That being said, I regret that we have switched from good_job (https://github.com/bensheldon/good_job). The thing is - Basecamp is a MySQL shop and their policy is not to accept RDMS engine specific queries. You can see in their issues in Github that they try to stick "universal" SQL and are personally mostly concerned how it performs in MySQL(https://github.com/rails/solid_queue/issues/567#issuecomment... , https://github.com/rails/solid_queue/issues/508#issuecomment...). They also still have no support for batch jobs: https://github.com/rails/solid_queue/pull/142 .
I've also run into issues where a db connection pool is filled up and solid queue silently fails. No error or logs, just stops polling forever until manual restart. Far from ideal.
But, I can live with it. I am going for minimal maintenance, and the ability to run solid queue under puma inside rails on cloud run is just so easy. Having ~3 solid queue related issues a year is acceptable for my use case, but that doesn't mean it will be ok for others.
I am (and have been for a while, not in a hurry) considering them each as a move off resque.
The main blocker for me with GoodJob is that it uses certain pg-specific features in a way that makes it incompatible with transaction-mode in pgbounder -- that is, it requires persistent sessions. Which is annoying, and is done to get some upper-end performance improvements that I don't think matter for my or most scales. Otherwise, I much prefer GoodJob's development model, trust the maintainer's judgement more, find the code more readable, etc. -- but that's a big But for me.
Why? Is it so they can switch in future?
That's largely the case.
Rails provide an abstracted API for jobs (Active Job). Of course some application do depend on queue implementation specific features, but for the general case, you just need to update your config to switch over (and of course handle draining the old queue).
Losing that guarantee can make the eventual migration harder, even if that migration is to a different postgres instance than the primary db.
Using the database as a queue, you no longer need to setup transaction triggers to fire your tasks, you can have atomic guarantees that the data and the task were created successfully, or nothing was created.
> it shouldn’t be the same as the production database
This is highly dependent on the application (scale, usage, phase of lifecycle, etc.)
To get the benefits of transactional enqueueing you generally need to commit the jobs transactionally with other database changes. https://riverqueue.com/docs/transactional-enqueueing
It does not scale forever, and as you grow in throughput and job table size you will probably need to do some tuning to keep things running smoothly. But after the amount of time I've spent in my career tracking down those numerous distributed systems issues arising from a non-transactional queue, I've come to believe this model is the right starting point for the vast majority of applications. That's especially true given how high the performance ceiling is on newer / more modern job queues and hardware relative to where things were 10+ years ago.

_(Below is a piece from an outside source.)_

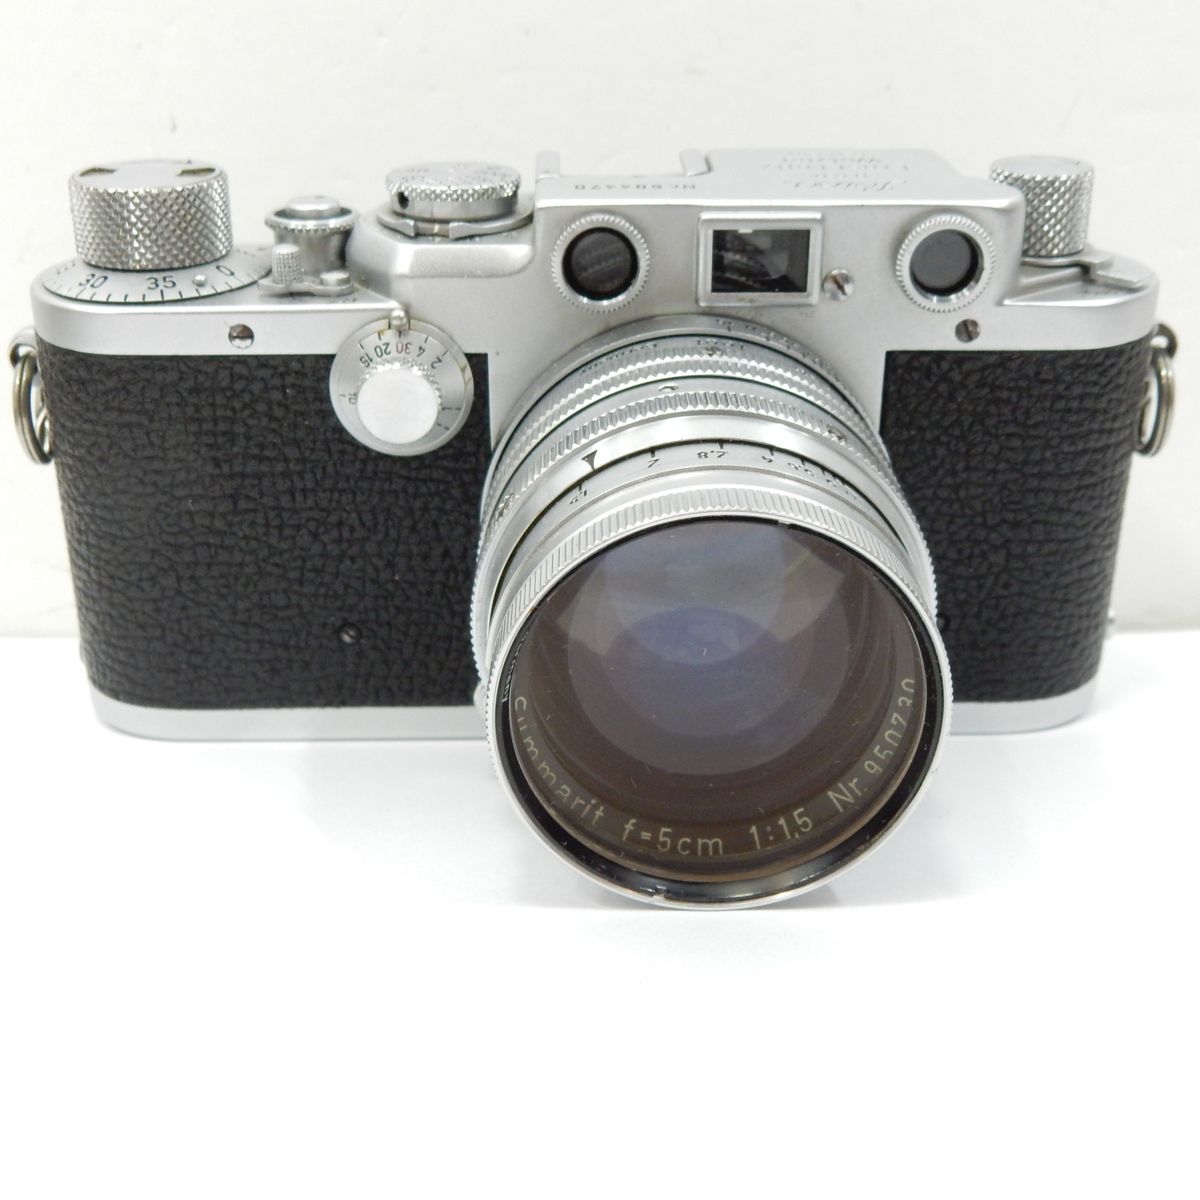 ライカ Leica D.R.P. Ernst Leitz Wetzlar フィルムカメラ レンズ Summarit f=5cm 1:1.5 シャッターのみ確認 他未確認 ジャンク扱い 4192_画像2

If you are lucky enough to grow into the range of many thousands of jobs per second then you can start thinking about putting in all that extra work to build a robust multi-datastore queueing system, or even just move specific high-volume jobs into a dedicated system. Most apps will never hit this point, but if you do you'll have deferred a ton of complexity and pain until it's truly justified.
Why is that?
https://status.circleci.com/incidents/hr0mm9xmm3x6
and a good analysis by a flicker engineer who ran into similar issues
https://blog.mihasya.com/2015/07/19/thoughts-evoked-by-circl...
https://github.com/tobi/delayed_job
Shopify however grew (as many others) and we saw a host of blog posts and talks about moving away from DB queues to Redis, RabbitMQ, Kafka etc. We saw posts about moving from Resque to SideKiq etc. All this to day storing a task queue in the db has always been the naive approach. Engineers absolutely shouldn't be shocked that approach isn't viable at higher workloads.
If your task is to send an email, do you want to send it again? Probably not.
In fact, I'd rather it did happen at the same time as production, so I don't have to reconcile a bunch of data on top of the tasks.
Personally, I prefer the same db unless I were at a traffic scale where splitting them is necessary for load.
One advantage of same db is you can use db transaction control over enqueing jobs and app logic too, when they are dependent. But that's not the main advantage to me, I don't actually need that. I just prefer the simplicity, and as someone else said above, prefer not having to reconcile app db state with queue state if they are separate and only ONE goes down. Fewer moving parts are better in the apps I work on which are relatively small-scale, often "enterprise", etc.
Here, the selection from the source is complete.